Sobre este punto es importante decir que los terribles hechos de 1968, igual que los de 1971, no se dieron por generación espontánea. Fueron resultado de una serie de decisiones y omisiones en torno de las comunidades estudiantiles, un grupo social muy sensible al autoritarismo.

El movimiento estudiantil de 1968 comenzó más de dos meses antes de su desenlace trágico en Tlatelolco. El gobierno de entonces no fue sensible a la inconformidad social que hizo de fermento de las movilizaciones estudiantiles y cometió el error de querer resolver un pleito entre dos escuelas con una incursión de granaderos. Ése fue el punto de arranque del movimiento: el 23 de julio de 1968, unos 200 antimotines de la policía capitalina irrumpieron con violencia en las instalaciones de la Voca 5 del Politécnico, cerca de la Ciudadela, luego de una pelea callejera entre estudiantes de ese plantel y de la escuela privada Isaac Ochoterena, incorporada a la UNAM. 

En respuesta a esos hechos, la Federación Nacional de Estudiantes Técnicos convocó a una manifestación para el 26 de julio, fecha en que se conmemoraba el 15 aniversario del asalto al Cuartel Mocada, hecho emblemático de la Revolución Cubana, con la que simpatizaban muchos estudiantes.

Ante la confluencia de dos marchas, una para protestar por los hechos de la Ciudadela y otra para apoyar al régimen de La Habana, el gobierno sacó de nuevo a los granaderos a la calle. La represión de ese día provocó lesiones a medio millar de jóvenes.

A partir del ahí, la inconformidad fue imparable. La falta de castigo a la actuación policiaca sirvió de catalizador para movilizar a miles de estudiantes. La cerrazón de la autoridad y su flagrante incompetencia para resolver un problema muy concreto se convirtió en un reto al Estado, que el gobierno diazordacista no supo enfrentar de otra manera que con la violencia.

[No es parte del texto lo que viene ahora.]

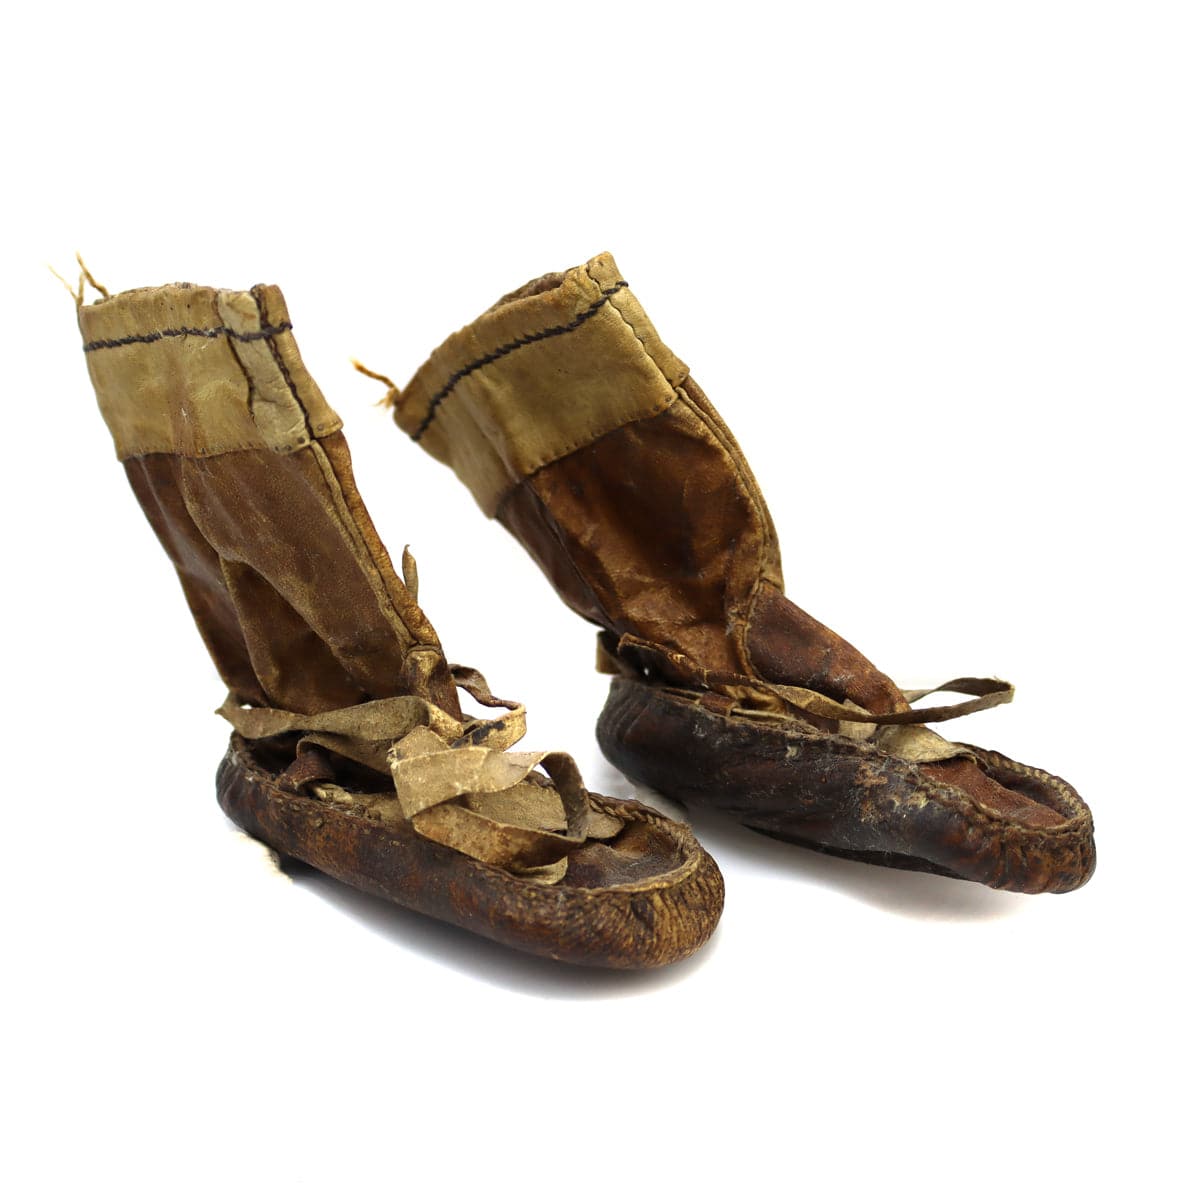 Alaskan Child's Leather Moccasins and Leather and Wooden Drum c. 1900s (M1763) 19

Algo semejante pasó en 1971. La marcha del Jueves de Corpus, atacada por un grupo paramilitar, se había convocado para apoyar a los estudiantes de la Universidad de Nuevo León, en la que –igual que sucede hoy en el CIDE– se había impuesto a su máxima autoridad. En marzo de ese año, el gobernador del estado, Eduardo Elizondo, promovió una ley que centralizó el control de la casa de estudios y cuya promulgación implicó la destitución de Héctor Ulises Real, un rector apoyado por la comunidad, y su sustitución con el médico militar Arnulfo Treviño Garza. La inconformidad estudiantil se salió de control y tanto Elizondo como Treviño renunciaron a sus cargos. Pero ya era tarde. La represión del 10 de junio de 1971 se convirtió en la señal que muchos jóvenes necesitaban para concluir que el régimen del presidente Luis Echeverría no era serio en sus promesas de apertura democrática y se lanzaron en la aventura desesperada de la guerrilla, que se nutrió de estudiantes de la Universidad de Nuevo León.

La historia muestra que jugar con la inconformidad de los universitarios es jugar con fuego. El gobierno todavía está a tiempo de abjurar de sus prejuicios hacia la educación superior y respetar la diversidad de opiniones que debe existir en toda sociedad democrática.